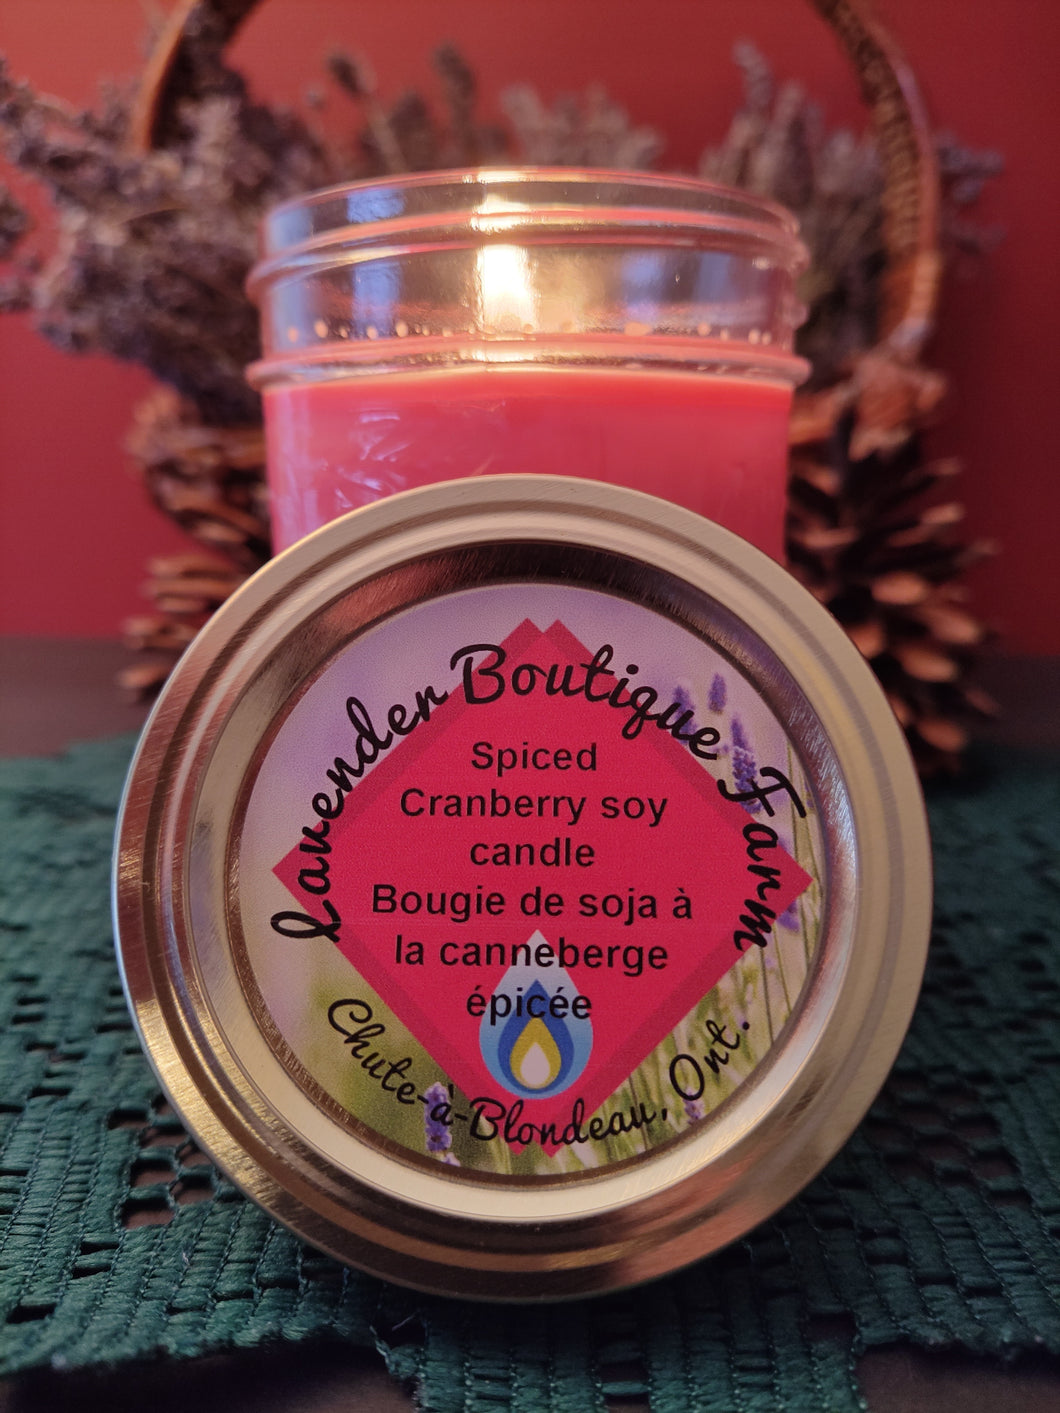 Spiced Cranberry soy candle
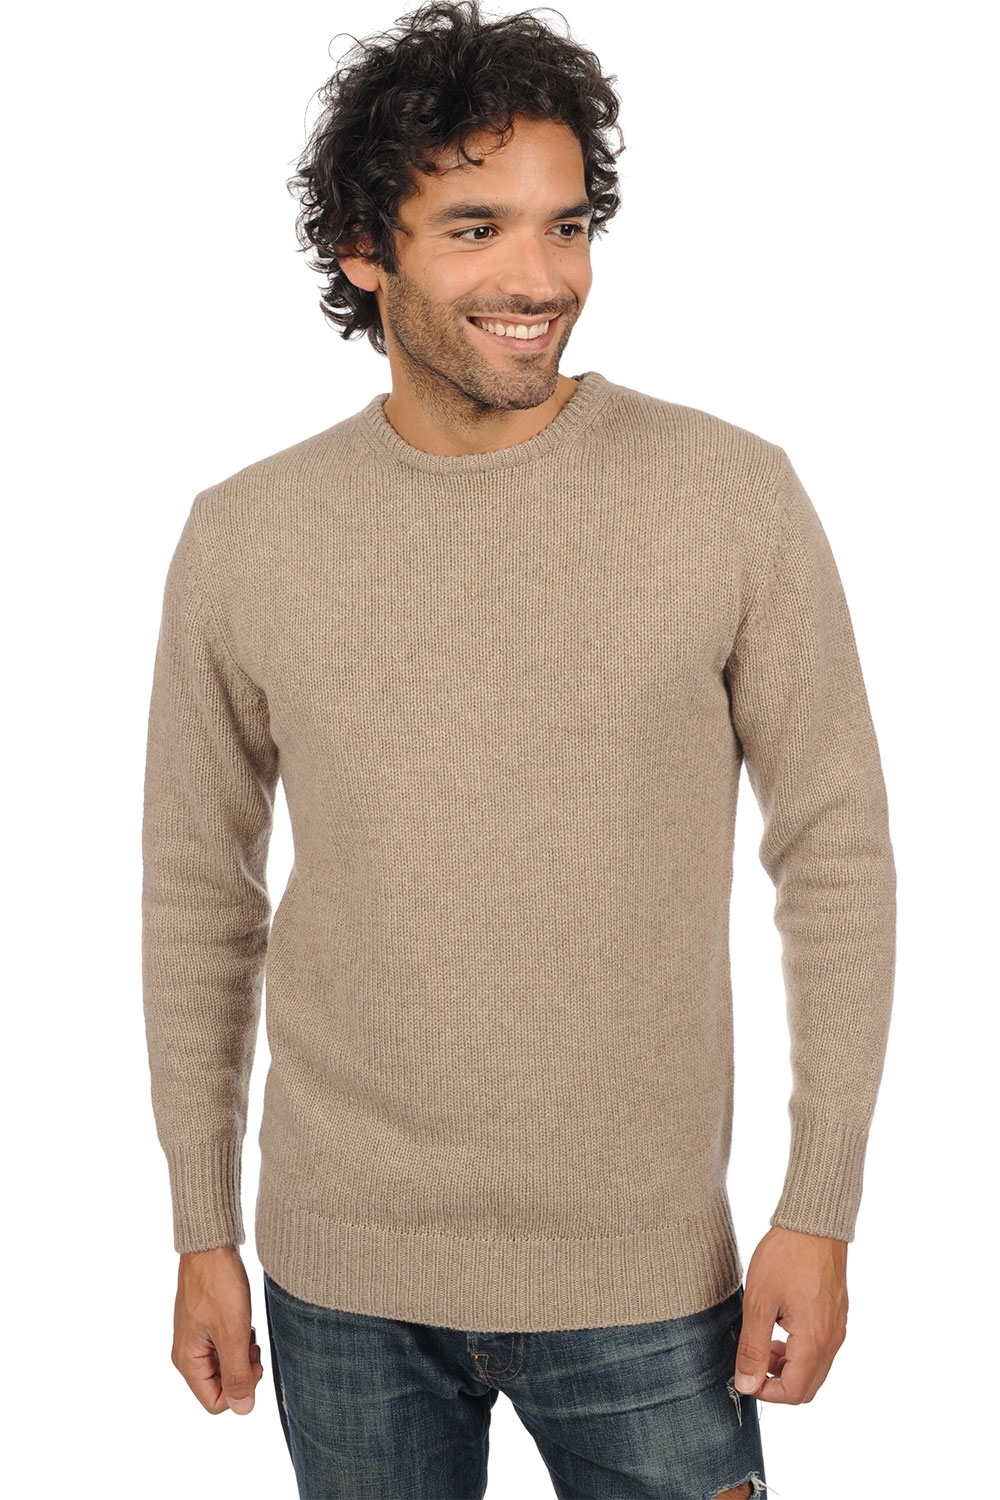 Cachemire pull homme bilal natural brown 2xl
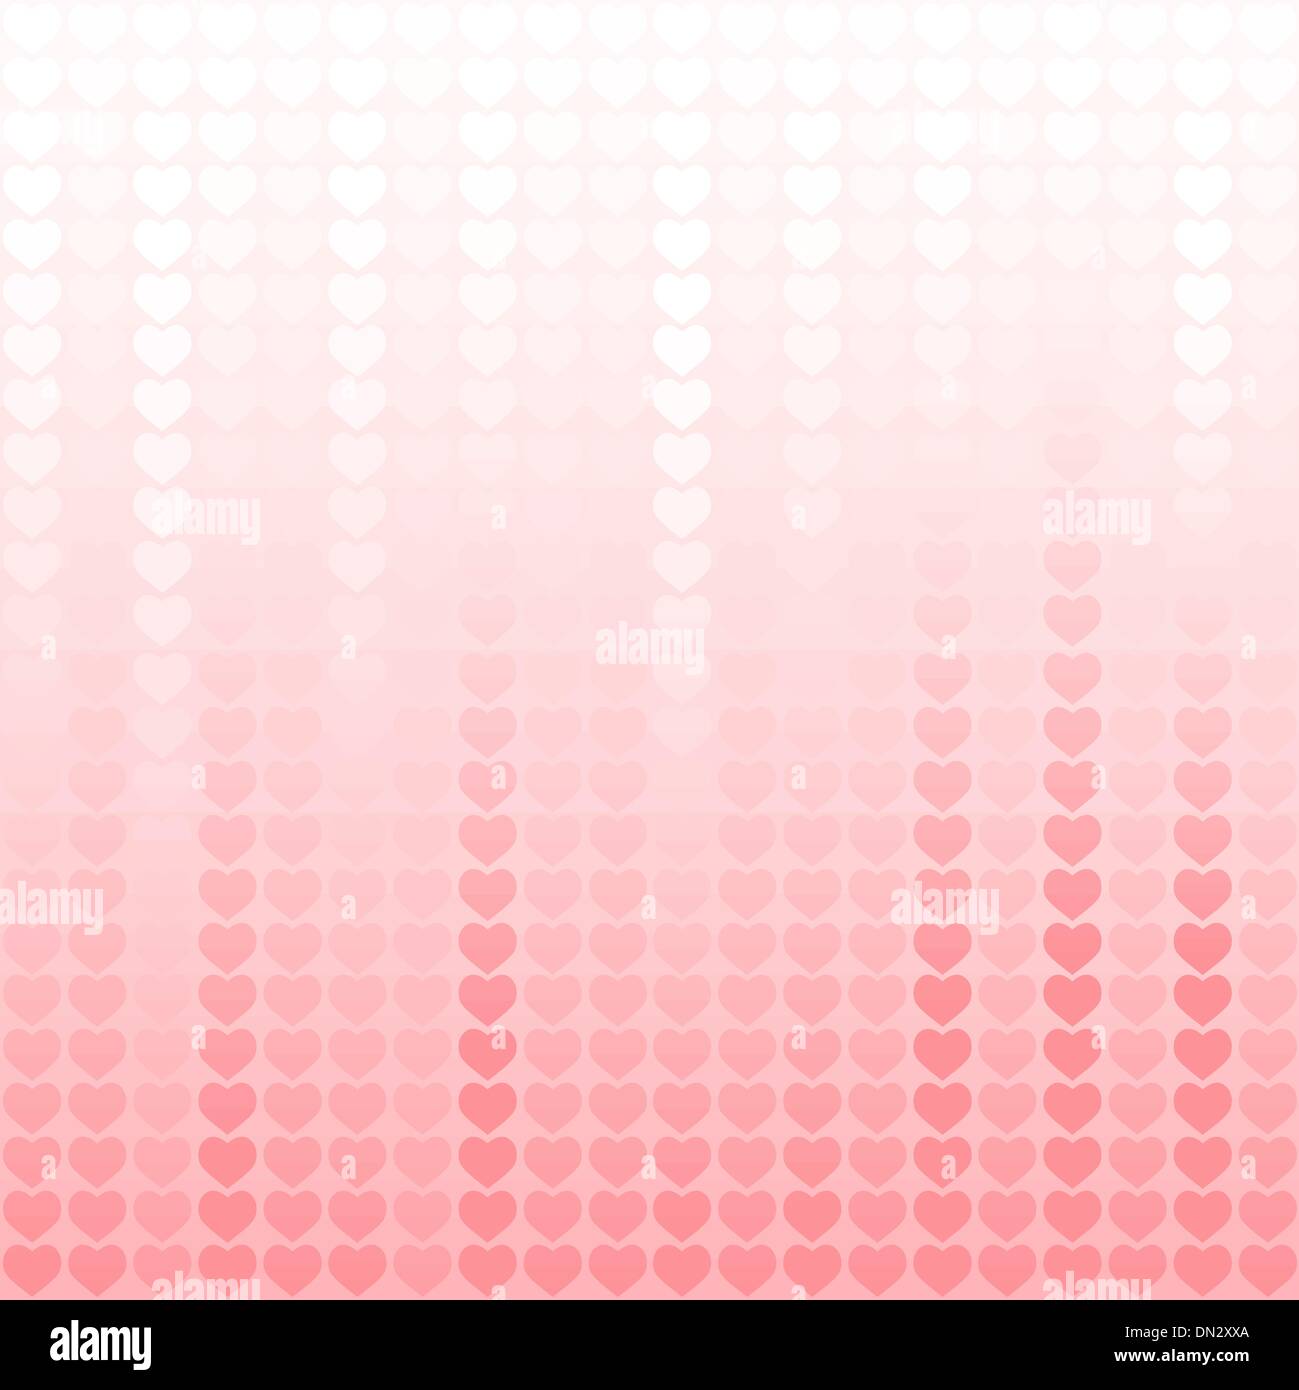 Valentine background with hearts, repetitive pattern Stock Vector

**What needs to be done:** Copy out all the data exactly; skip the pictures.

**Task answer:**
 Spiced Cranberry soy candle
 Cachemire pull homme bilal natural brown 2xl
 Valentine background with hearts, repetitive pattern Stock Vector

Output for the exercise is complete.